To view the embedded metadata in a Word document you only need to rename it to .zip and then unzip it. Extracting a zipped Word document reveals (in most cases) several folders and one XML file:

  • [trash] – contains ‘dat’ files (may not be present in all documents)
  • _rels – contains the ‘.rels’ XML document
  • customXml – contains a number of ‘item’ and ‘itemProps’ XML documents
  • docProps – contains three very small files: app.xml, core.xml, custom.xml
  • word – contains a range of XML files and additional folders with other XML files.
  • [Content_Types].xml

In one example Word document downloaded from a SharePoint library, the file ‘item4.xml’ in the ‘customXml’ folder contained both XML namespace (xmlns) information as well as the embedded document management elements (highlighted in bold):

A separate xml document also located in the ‘customXML’ folder contained the following core properties, including most of the Dublin Core elements listed above (but note that they are all blank).

Arguably, the body of the record is also a form of metadata, enclosed by the terms <body>text</body>. In the example document downloaded from SharePoint, the body of the document is contained in the file ‘document.xml’ under the ‘word’ folder of the package.

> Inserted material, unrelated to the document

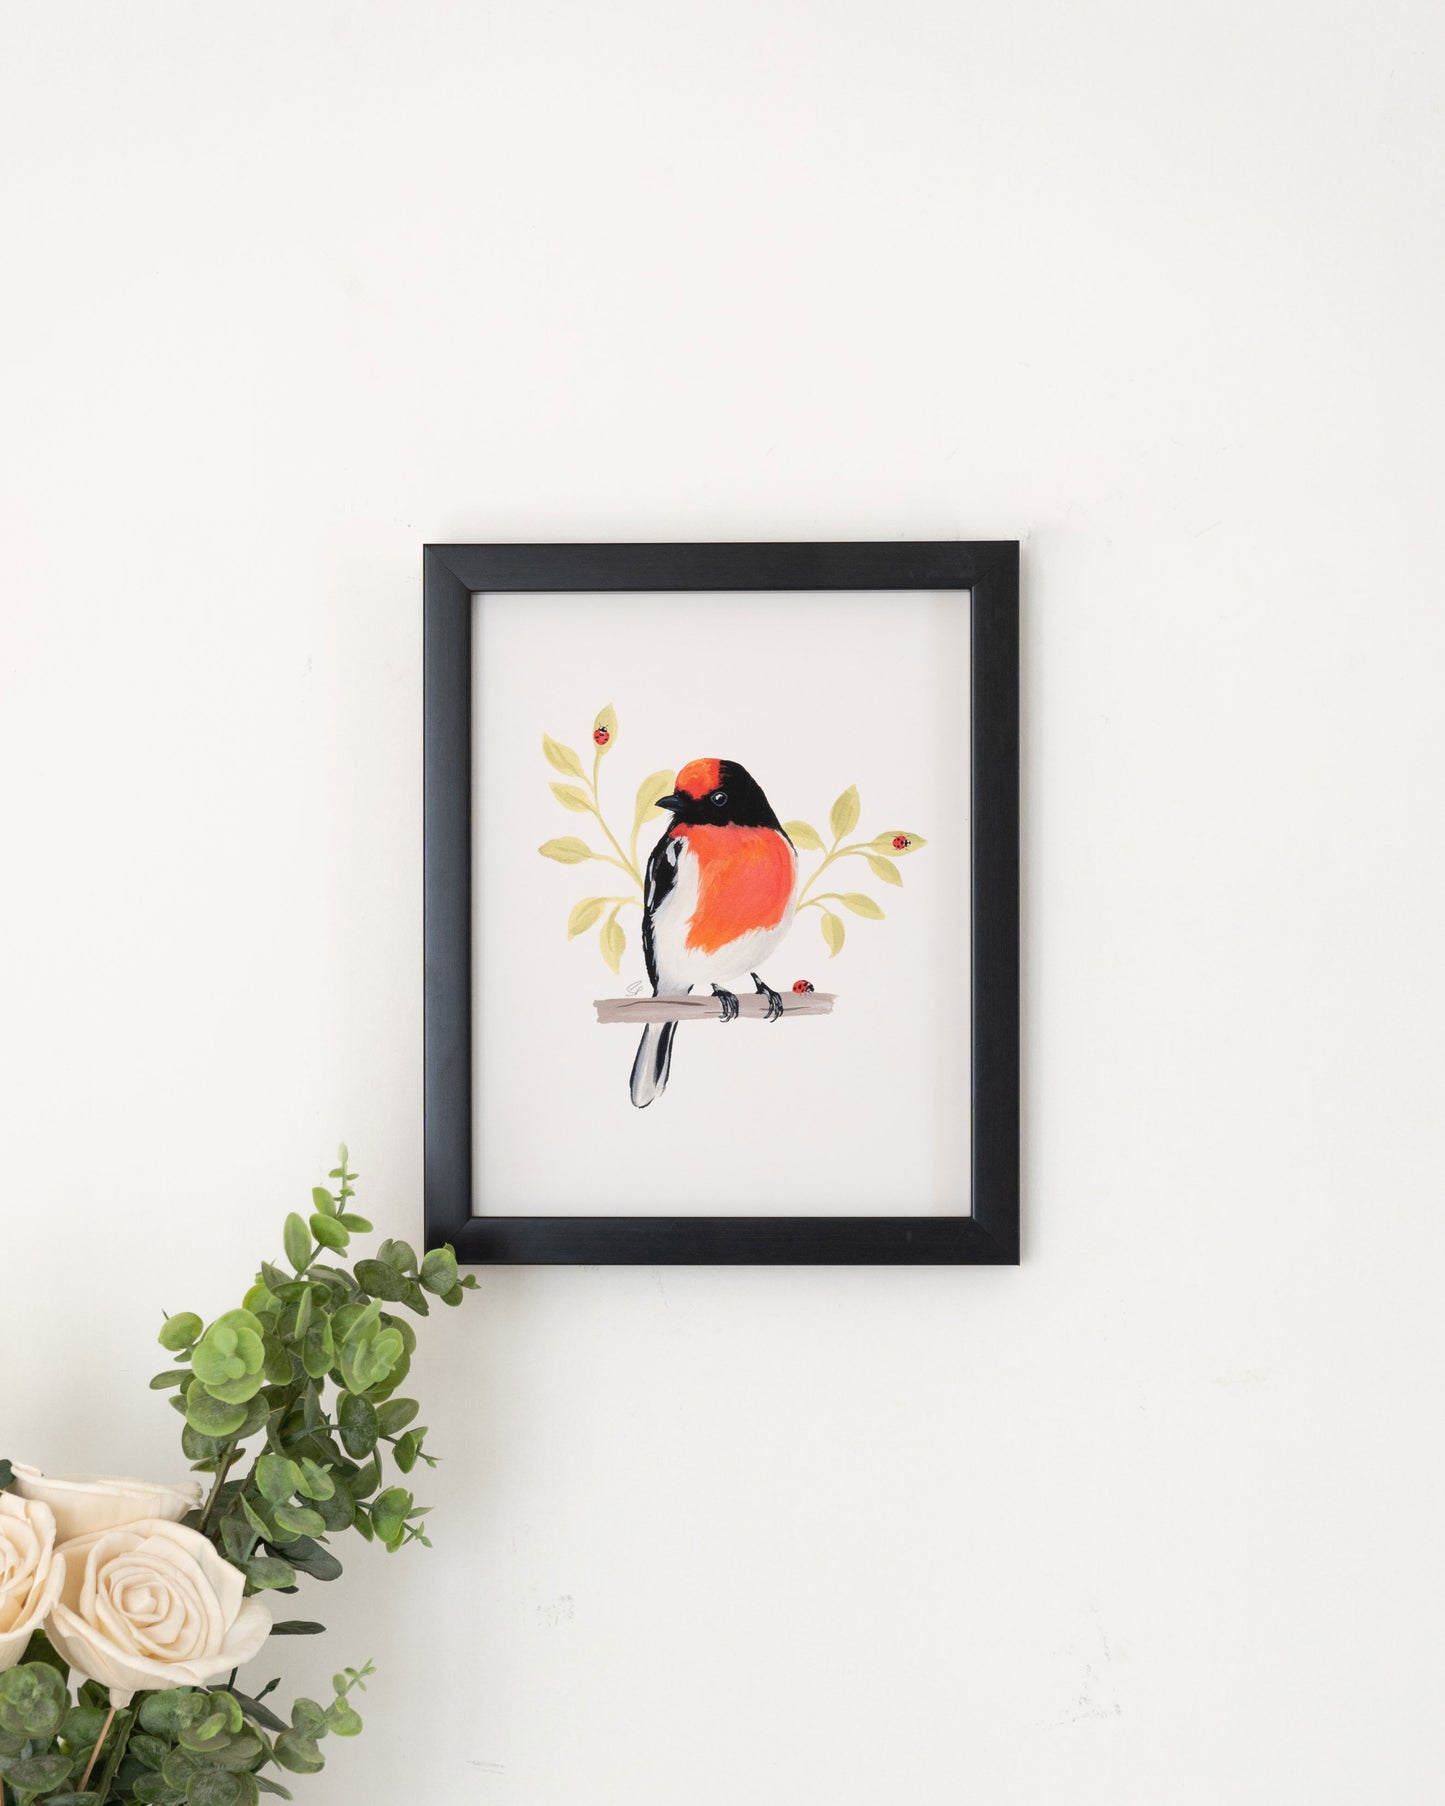 Red Capped Robin  : Archival Print

  • xmlns:wps=”http://schemas.microsoft.com/office/word/2010/wordprocessingShape&#8221; mc:Ignorable=”w14 w15 w16se wp14″>
  • <w:body>
  • <w:p w14:paraId=”195D8795″ w14:textId=”77777777″ w:rsidR=”0001502C” w:rsidRDefault=”00880316″>
  • <w:r>
  • <w:t>Test document</w:t>
  • </w:r>
  • </w:p>
  • <w:p w14:paraId=”195D8796″ w14:textId=”77D86E32″ w:rsidR=”006832E2″ w:rsidRDefault=”006832E2″ w:rsidP=”006832E2″>
  • <w:r>
  • <w:t>Lorem ipsum (and the rest of the text, deleted for brevity)</w:t>
  • </w:r>
  • <w:bookmarkStart w:id=”0″ w:name=”_GoBack”/><w:bookmarkEnd w:id=”0″/>
  • </w:p><w:sectPr w:rsidR=”006832E2″>
  • <w:pgSz w:w=”11906″ w:h=”16838″/>
  • <w:pgMar w:top=”1440″ w:right=”1440″ w:bottom=”1440″ w:left=”1440″ w:header=”708″ w:footer=”708″ w:gutter=”0″/>
  • <w:cols w:space=”708″/>
  • <w:docGrid w:linePitch=”360″/>
  • </w:sectPr>
  • </w:body>
  • </w:document>

Other core metadata elements are contained in the ‘core.xml’ file:

Why is this important?

The existence of – and ability to make use of – embedded metadata seems to have been overlooked since the introduction of these types of records over 15 years ago. This may have been primarily because no-one had a system in place to access or use that data in any meaningful way.

Instead, most records continued to be defined by metadata that is created or captured and managed separately from the record itself.

The problems with storing metadata separately from the record are that: (a) the external metadata may be different from the embedded metadata, and (b) the external metadata may unnecessarily limit or restrict the ability to see the record in different contexts.

For example, one person may assign a specific metadata term, such as a function from the Business Classification Scheme (BCS) to the digital record, or assign it to a specific ‘container’. Some time later, another person may try to find the same record but discover it is not in the same file, or assigned to the same function term. They are likely to be looking for the record in or from a completely different context.

The only way they may be able to find it is by doing a general search that includes the body or content of the records, something I found to be the case in real life scenarios where users couldn’t find the records they were looking for based on metadata searches.

Of course, metadata is still important, but my point is the difference between embedded metadata that can be added when the document is saved to a document library, and external metadata that is stored separately from the digital record.

Being able to leverage the metadata embedded in records, wherever they are stored, provides a much more powerful ability to leverage this information, similar to the way the application of metadata to web pages facilitates access.

Records Description Framework

A core part of the world wide web is the application of metadata to web pages to facilitate their discovery in a highly connected world. The core elements of this metadata are defined in the World Wide Web Consortium (W3C)’s Resource Description Framework, or RDF.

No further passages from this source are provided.